So far for the class. In reality, however, in most occasions the 
statement will be issued like this (objections are being laughed away):
martin <at> laptop:~/test$ grep Jantje* school.txt
Delivering this undesired output:
Jantjes:Jantje zag eens pruimen hangen
Jantjes:en Jantje wilde pruimen plukken voor zijn moeder
Jantjes:toen zei Jantjes moeder
Jantjes:pas toch op Jantje!
school.txt:Jantje
school.txt:Ik las dat Jantje
school.txt:Jantje voortaan op tijd op school komt,
school.txt:Hoogachtend, Jantjes vader, Piet Bel.

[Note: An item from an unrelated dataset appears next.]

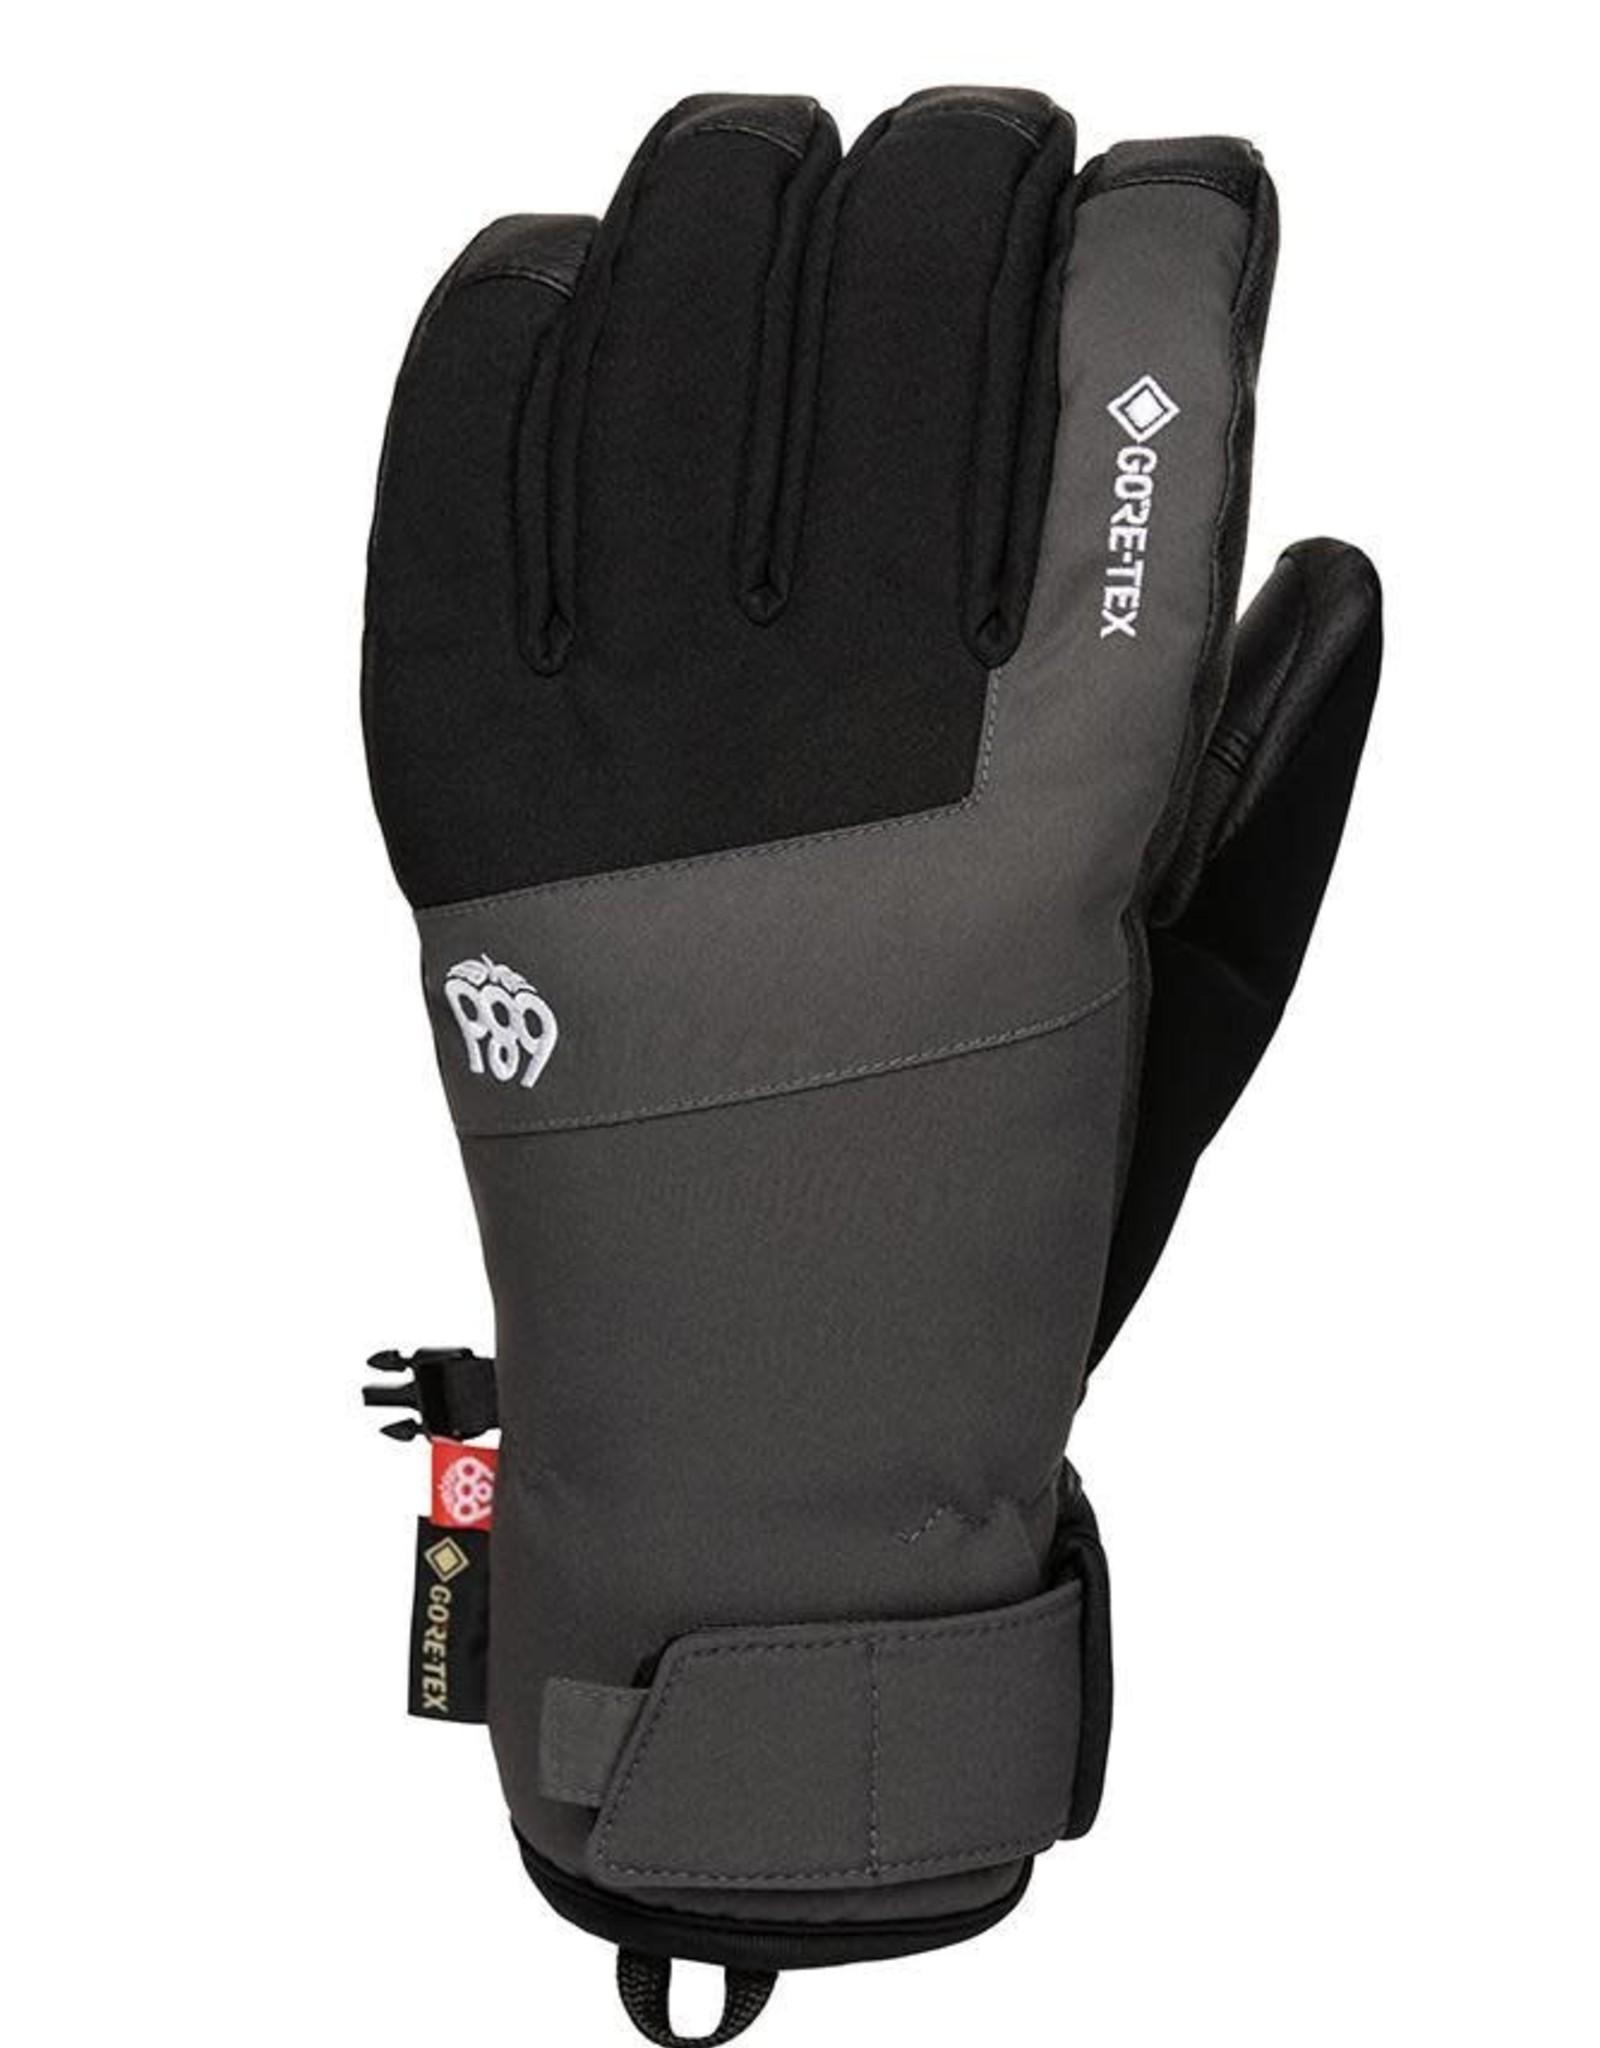 686 686 - Mens LINEAR GORE UNDER Glove - Char -

In trying to give more weight to the argument I pointed the students to 
the man page of grep, but it struck me that there is not a single 
reference to the need of using quotes in the search pattern. This does 
not help.

I checked the AIX man page for grep and they at least give some, not 
all, examples of using quotes around the search pattern.

The example given above makes me assume grave errors occur in production 
environments, just because users are not lead to use search patterns 
right.

It may no be the task of the grep project to provide a man page, but 
even then I feel there is an opportunity for improvement here by 
providing a basic man page with a couple of good examples. I would be 
more than glad to contribute.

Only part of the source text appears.